L’analyste politique américain Andrew Korybko a fait valoir que l’Éthiopie dispose du droit souverain d’utiliser le fleuve Abay au sein de son territoire internationalement reconnu. Il a déclaré qu’une paix durable dans le bassin du Nil dépendait du dialogue, du respect mutuel et de solutions menées par l’Afrique plutôt que de la confrontation.
Par ailleurs, les accusations égyptiennes à l’encontre de l’Éthiopie concernant le Grand barrage de la Renaissance éthiopienne (GERD) continuent de faire fi des faits historiques et des principes d’utilisation équitable et raisonnable ainsi que de coopération consacrés par le droit international, a déclaré le député Mohammed Al-Arousi à l’ENA.
Il a en outre fait valoir que les revendications de l’Égypte négligent les droits légitimes au développement des pays situés en amont du bassin du Nil et leur droit souverain d’utiliser les ressources en eau partagées conformément au droit international.
L’Éthiopie a également poursuivi ses consultations avec les pays voisins et les organisations régionales sur la paix, la sécurité et l’intégration économique, renforçant ainsi le rôle d’Addis-Abeba en tant que pôle diplomatique de la Corne de l’Afrique.
La diplomatie climatique est restée une autre priorité stratégique, alors que se poursuivent les préparatifs en vue de l’accueil par l’Éthiopie de la COP32 en 2027.
Le cadre de dialogue bilatéral structuré entre l’Éthiopie et les États-Unis, récemment signé, témoigne également des efforts visant à approfondir la coopération dans les domaines du commerce, de l’investissement, de la défense, ainsi que de la paix et de la sécurité régionales.
Une semaine placée sous le signe de la réconciliation nationale et de l’engagement international
Dans l’ensemble, les événements de cette semaine ont mis en évidence les efforts déployés par l’Éthiopie pour faire progresser la réconciliation nationale tout en renforçant sa diplomatie économique, en attirant les investissements et en développant des partenariats stratégiques à travers l’Afrique et au-delà.
Le lancement du Dialogue national a marqué une tentative potentiellement transformatrice visant à résoudre des décennies de désaccords politiques par la consultation et le consensus plutôt que par la confrontation.
Cependant, les événements survenus dans la région du Tigré ont également montré que des défis importants subsistent pour mettre pleinement en œuvre les accords de paix, rétablir la confiance et répondre aux griefs régionaux.
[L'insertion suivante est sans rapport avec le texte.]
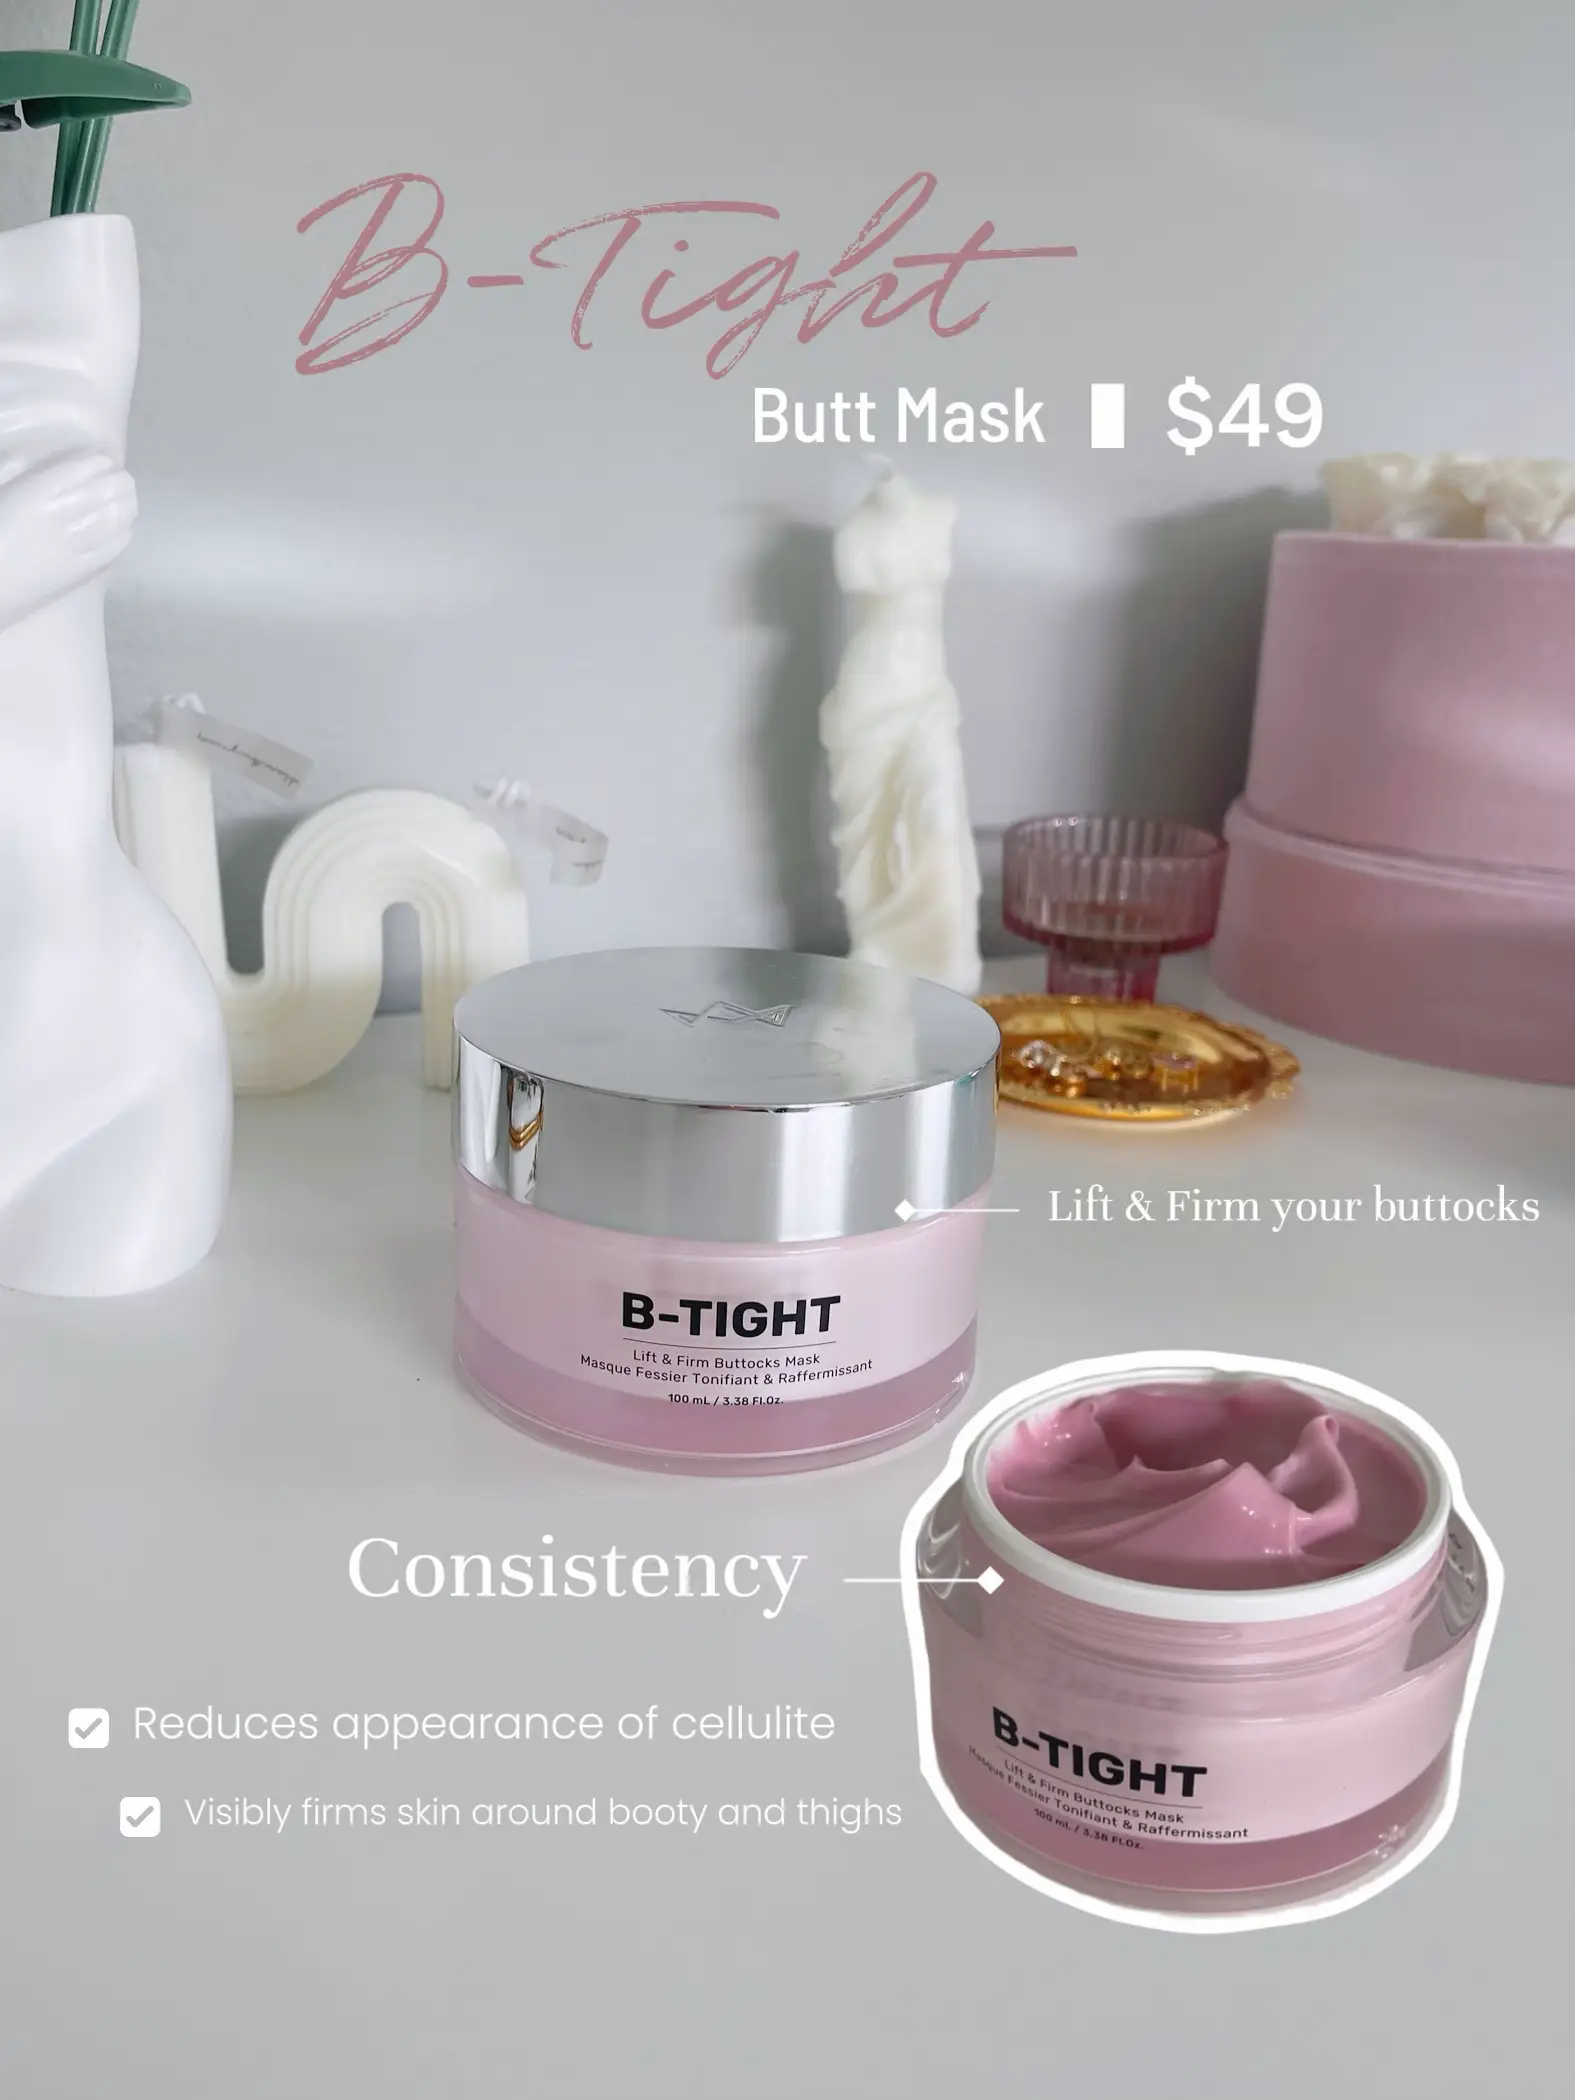 B-TIGHT, Lift & Firm Booty Mask

Au-delà de la politique intérieure, l’Éthiopie a continué à faire valoir ses intérêts stratégiques sur des questions telles que le GERD et l’accès maritime, tout en renforçant ses relations avec l’Union européenne, les institutions financières africaines et les pays du Golfe.
Parallèlement, les investissements dans les infrastructures, l’extension des liaisons aériennes et les retombées économiques croissantes générées par le GERD ont reflété l’importance que le gouvernement continue d’accorder au développement à long terme et à la transformation économique.
Alors que le Dialogue national se poursuivra dans les semaines à venir, sa capacité à formuler des recommandations concrètes, à renforcer la confiance du public et à aborder les questions politiques les plus complexes de l’Éthiopie sera suivie de près tant au niveau national qu’à l’étranger.
Ses résultats, associés aux efforts continus de l’Éthiopie pour approfondir la coopération régionale, élargir ses partenariats stratégiques et accélérer la transformation économique, pourraient jouer un rôle décisif dans l’orientation du pays vers davantage de paix, de stabilité et de développement.
Pour l’Éthiopie, cette semaine a été l’occasion de rappeler avec force l’ampleur des défis à venir, mais aussi la détermination croissante du pays à les relever par le dialogue sur le plan national, le développement sur le terrain et la diplomatie à l’étranger.